Chablis is an exquisite white wine hailing from the Burgundy region of France – an area which, along with Bordeaux, is also home to some of France’s longest-established and most highly acclaimed vineyards. Whilst this wine is made with 100% Chardonnay grapes, it has very little in common with the powerful wines of the same name produced in the US and Australia for example. Indeed, Chablis provides a masterclass in the concept of ‘terroir’ and its importance for the resulting wine. This notion is generally understood as a wine’s ‘sense of place and can be resumed as the environmental and geographical factors that give a particular wine its unique character. In the case of Chablis, this involves the particularly calcareous nature of the soil in the region – a land full of marine fossils dating back over 140 million years to the Jurassic period. Indeed, the characteristic minerality of a Chablis wine, which calls to mind the sea, is generally attributed to the fossilised crustaceans which permeate the ground upon which these grapes are grown.
How is Chablis classified? Chablis has a special classification system which includes various categories, each with its own characteristics and area of production. These are Petit Chablis, Chablis, Premier Cru and Grand Cru, in order of increasing prestige (and, unsurprisingly, price). The grapes used to make Grand Cru Chablis wines are cultivated at around 200 meters above sea level, in more calcareous soils, whereas those used in Petit Chablis wines tend to be grown lower down on the slopes, where the ground is marlier. When it comes to flavor, this results in greater minerality in the case of the former, and fruitier notes in the case of the latter. A good compromise can be found in the Premier Cru Chablis wines, of which a greater amount is produced (relative to the Grand Cru).
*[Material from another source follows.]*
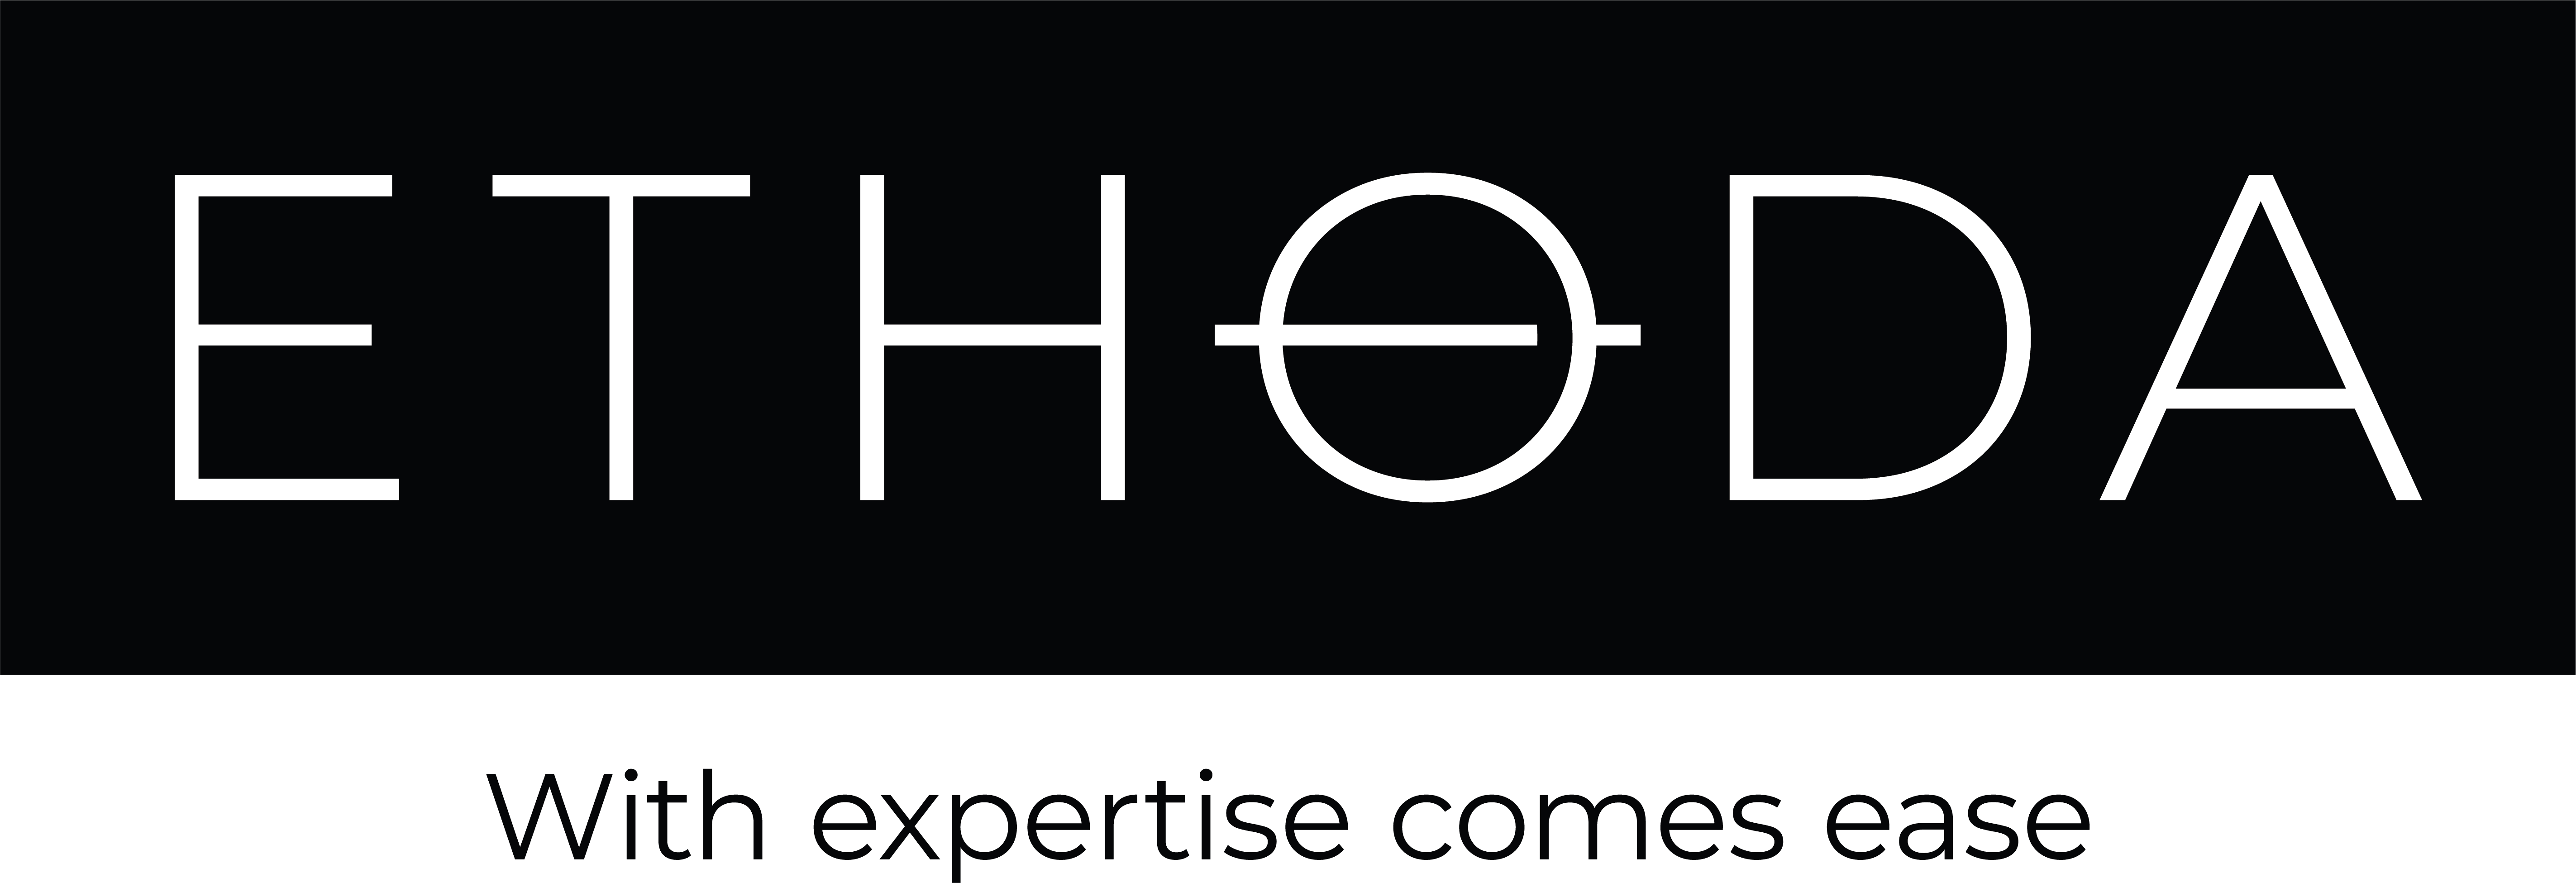 Ethoda Brand: With Expertise Comes Ease

Indeed, around 40 vineyards hold this status, making this a more accessible but immensely delicious entry point. Try Samuel Billaud’s ‘Les Vaillons’ or ‘Montée de Tonnerre’, or La Chablisienne’s ‘Fourchaume’ for example. Other highly regarded winemakers in this sector include Bernard Defaix and Domaine Servin.
What are the characteristics of Chablis wines? Chablis wines are generally unoaked, or only very slightly so, allowing their elegant minerality and flintiness to come to the fore. Notes of apple and pear are often present, along with quince (a.k.a. membrillo), starfruit and white blossom. Forget the butteriness commonly associated with New World Chardonnays. Even in the older Grand Crus which may have seen some oak, the emphasis is on a clean flavour profile, with the wood adding just a hint of smokiness at the end.
What food goes well with Chablis? Shellfish is a marriage made in heaven for this wine, in particular oysters. Dishes based around fish and seafood in general are particularly well-suited to this wine. Try it alongside sushi or sashimi for a more modern twist. Additionally, the wine’s high acidity makes it a good complement for light, creamy sauces – such as in a chowder, or tarragon chicken dish – and white pepper.
So dive right in – if you’re new to Chablis you’re in for a treat, and if you’re already an old hand, you’re bound to find a new favourite!